Project Discussion Nov 28, 2016 7:58:28 GMT

Quote

Post by Umar on Nov 28, 2016 7:58:28 GMT

Hey Everyone,
So I trained the seq2seq model with cornell movie database and it works. Not great, but it does.

Then, I wrote a script in Matlab to format the friends data from all episodes. The script does its job, but i still need to prep the data manually first, which takes some time. I have done 2 seasons so far and hopefully will do the rest quickly.

The format I need for training is 2 files: 1 containing the query (input) and the other containing the response (output). So, there are equal number of sentences in both files.
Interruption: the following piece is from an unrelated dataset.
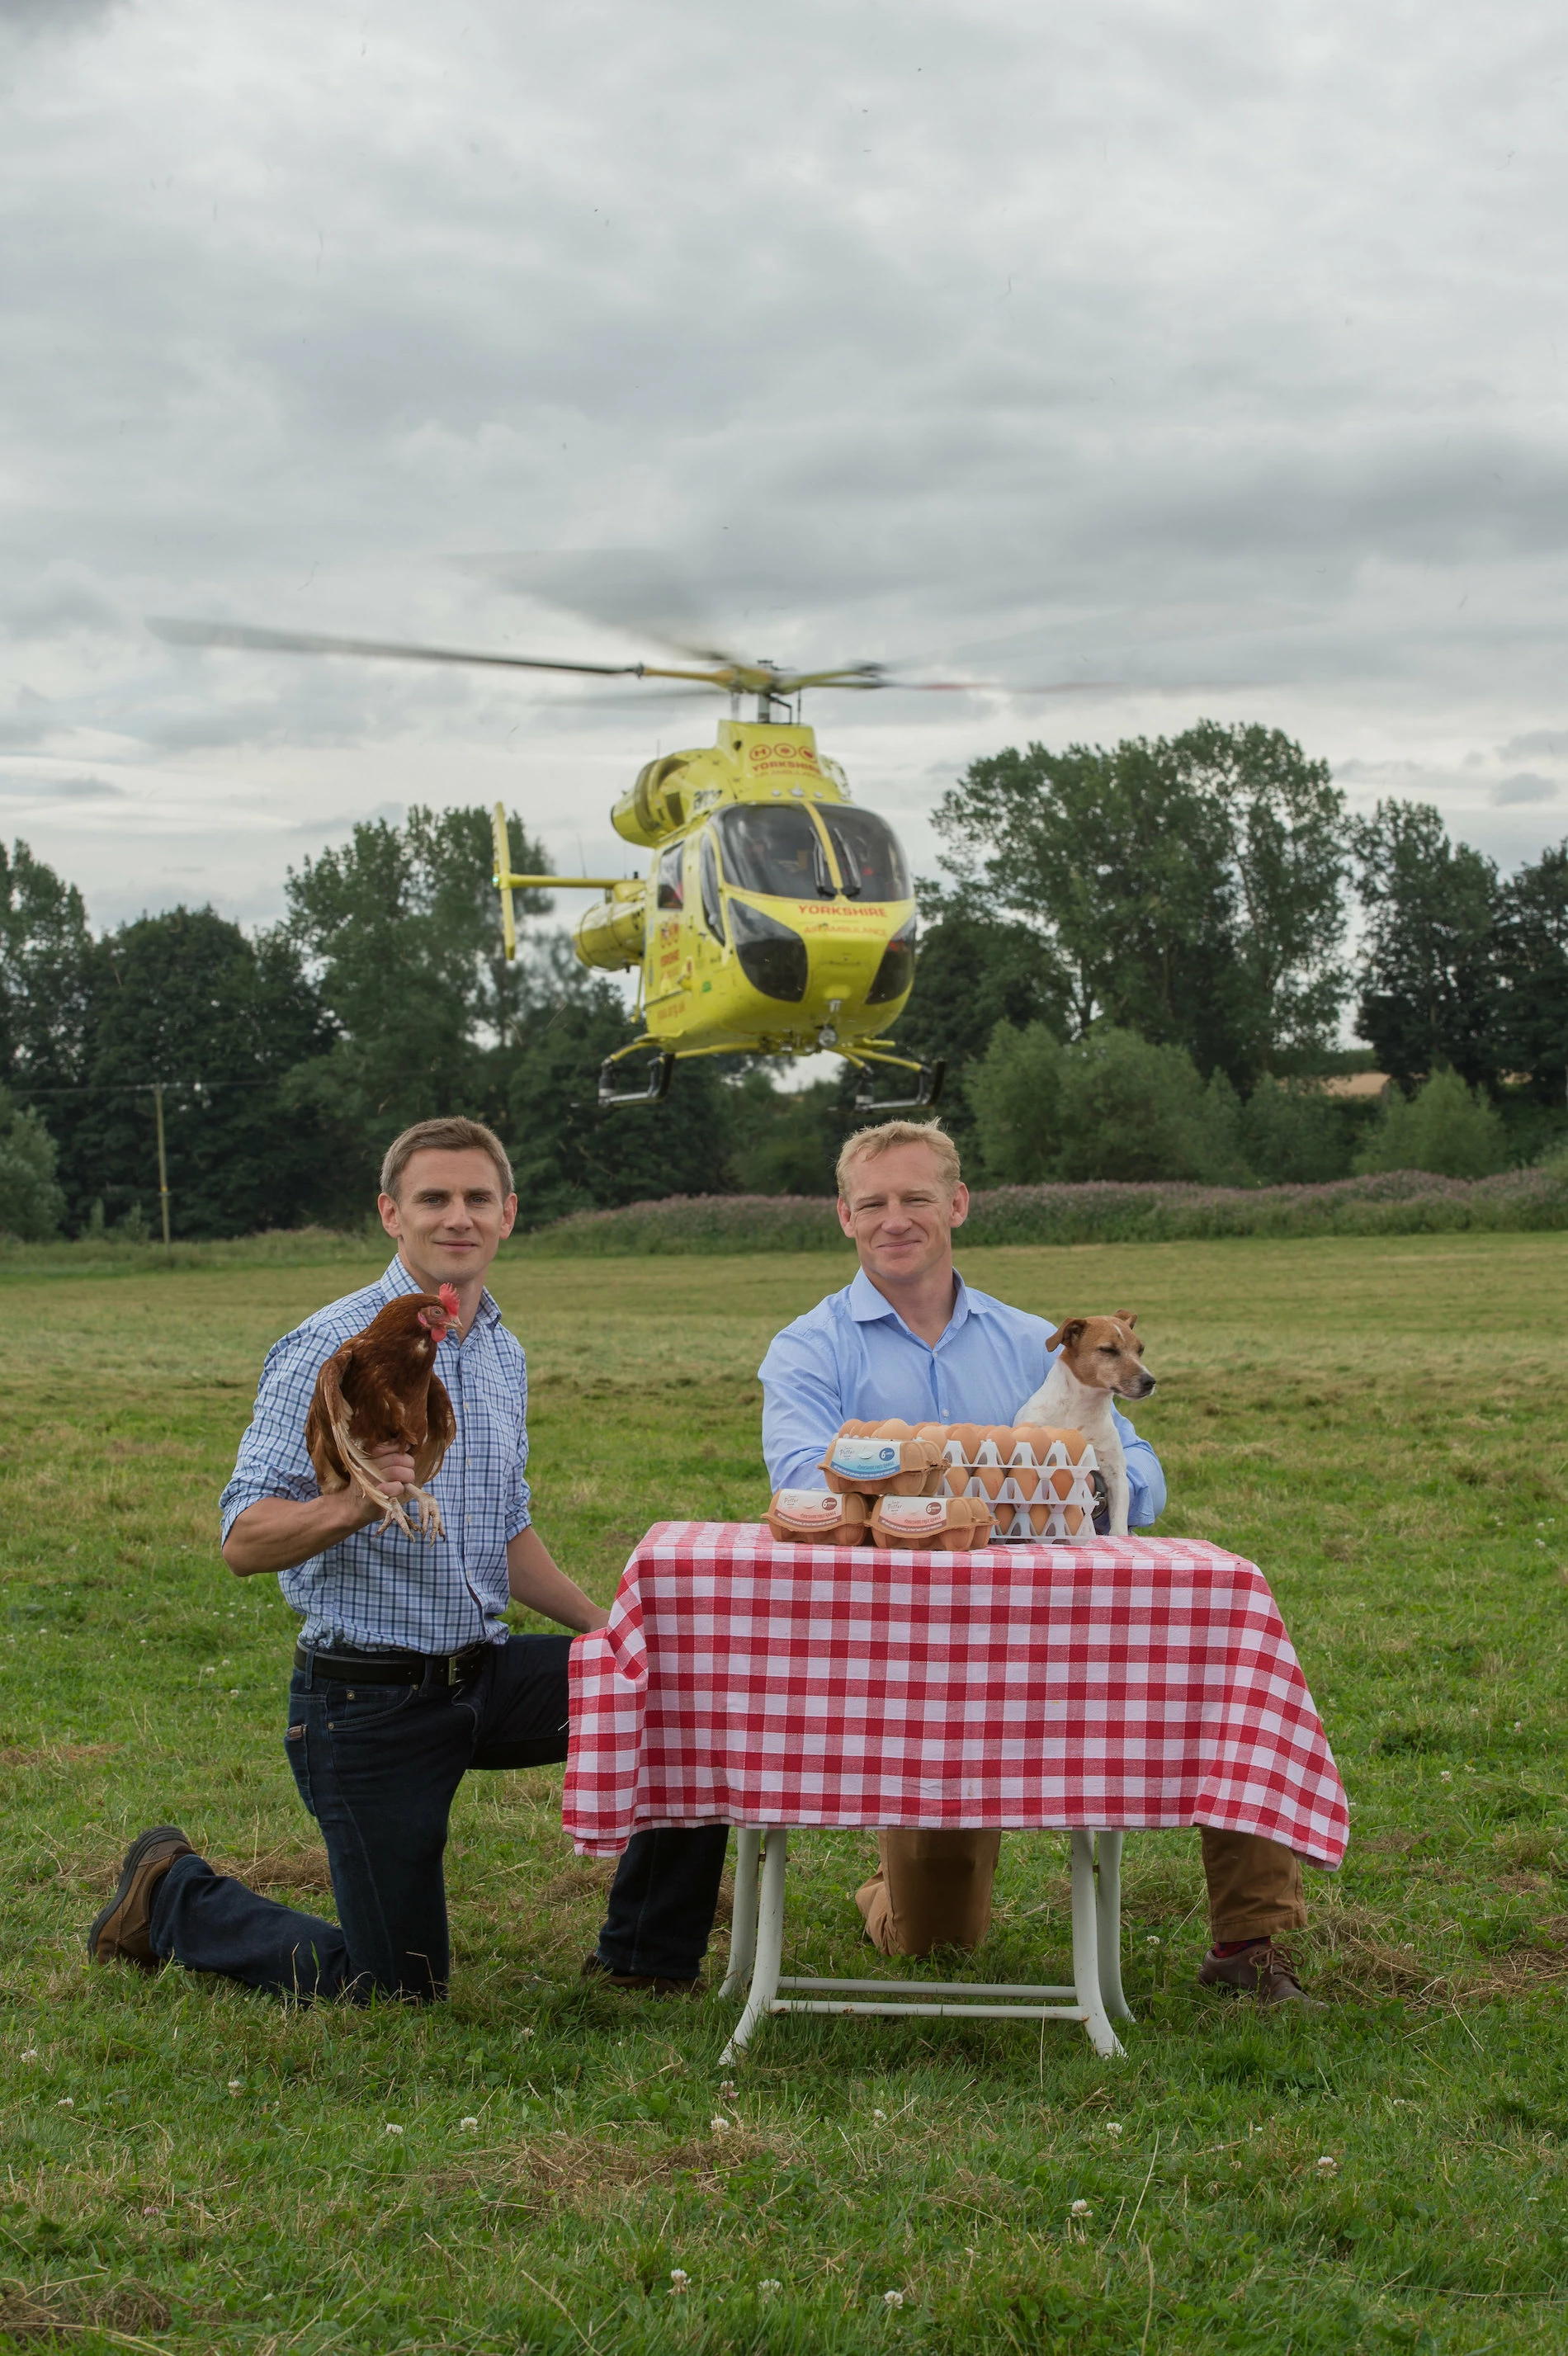 Adrian Potter and James Potter of the Yorkshire Farmhouse Eggs Limited, trading as James Potter.

I programmed the script to look for a line said by the desired character (say Chandler) and treat it as target. Then look for the line just before this one and treat is as input.

It goes like this:
Any person: Are you tired?
Chandler: Yes, I am.

input->Are you tired?
target->Yes, I am

Tensorfow's seq2seq model offers padding schemes, so I don't have to worry about different lengths of input and target vectors. We just need to define a bucket size for it to pad automatically.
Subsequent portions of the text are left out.